I have a large sparse matrix (lets call it matrix) in which the rows are the features and the columns are the samples. Each column/sample belong to 1 of 6 groups. I randomly sample some amount from each group and store what index they belong to in the original matrix.
astro_index <- Map(sample,row_index, num_sample)[1]
endo_index <- Map(sample,row_index, num_sample)[2]
micro_index <- Map(sample,row_index, num_sample)[3]
neuron_index <- Map(sample,row_index, num_sample)[4]
oligo_index <- Map(sample,row_index, num_sample)[5]
opc_index <- Map(sample,row_index, num_sample)[6]
The goal is to be able perform a Wilcox test and get the p-value on all the combination of the 6 groups for each features. The big issue is that I have over 30,000 features to test on all combination of 6 groups (so that is 15 comparisons for each of the 30,000+ features).
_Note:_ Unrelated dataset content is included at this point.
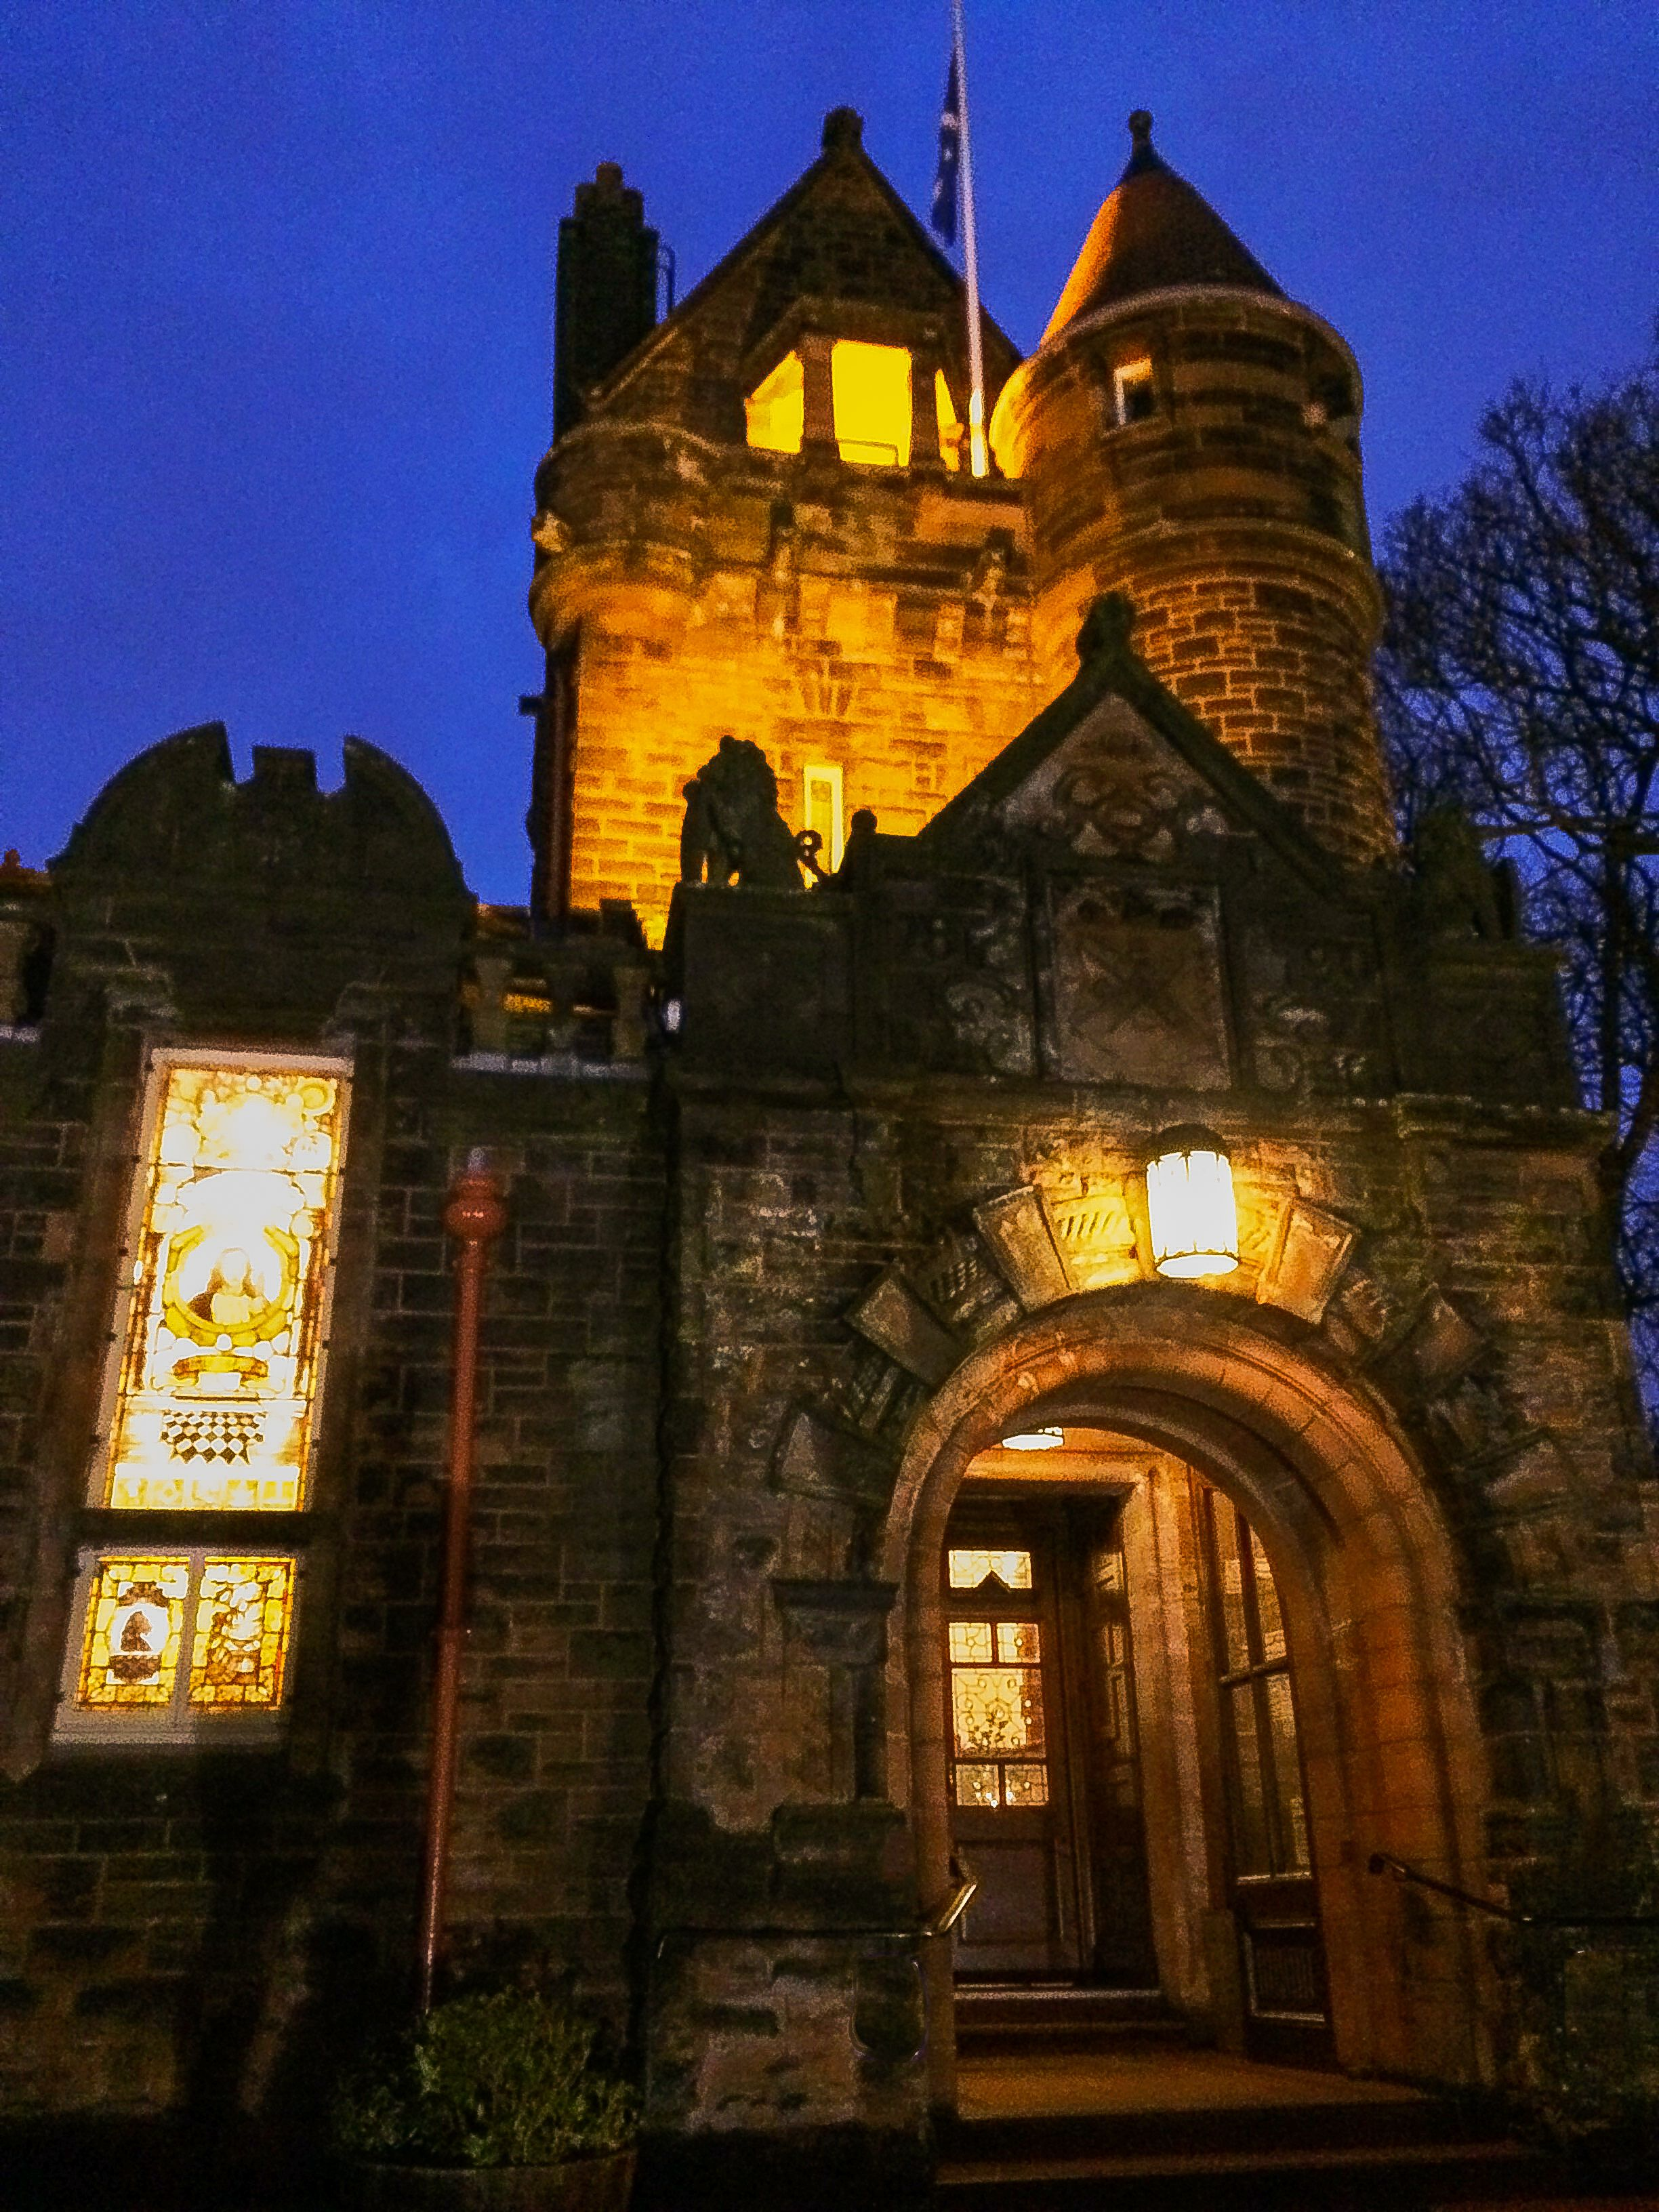 Pollokshields Burgh Hall Wedding Venue Glasgow Photo By Floorfillerz

So I have two current methods. The first one uses the apply function and does it for only one comparison (here astro and neuron group). The disadvantage for this method is that I run into memory issues and it only does 1 comparison at a time. I would have to write this 14 more times to get all possible comparisons.
store_p <- apply(matrix,1,function(x) {wilcox.test(x[astro_index],x[neuron_index])$p.value })
The second method uses a for loop to go through all the features but I take advantage of the combn and the data frame to calculate the p-value for all combinations but one feature at a time. This method is really slow but does not crash.
for (i in features){
df <- data.frame('Astro' = matrix[i,astro_index], 'Endo' = matrix[i,endo_index], 'Micro' = matrix[i,micro_index], 'Neuron' = matrix[i,neuron_index], 'Oligo' = matrix[i,oligo_index], 'OPC' = matrix[i,opc_index])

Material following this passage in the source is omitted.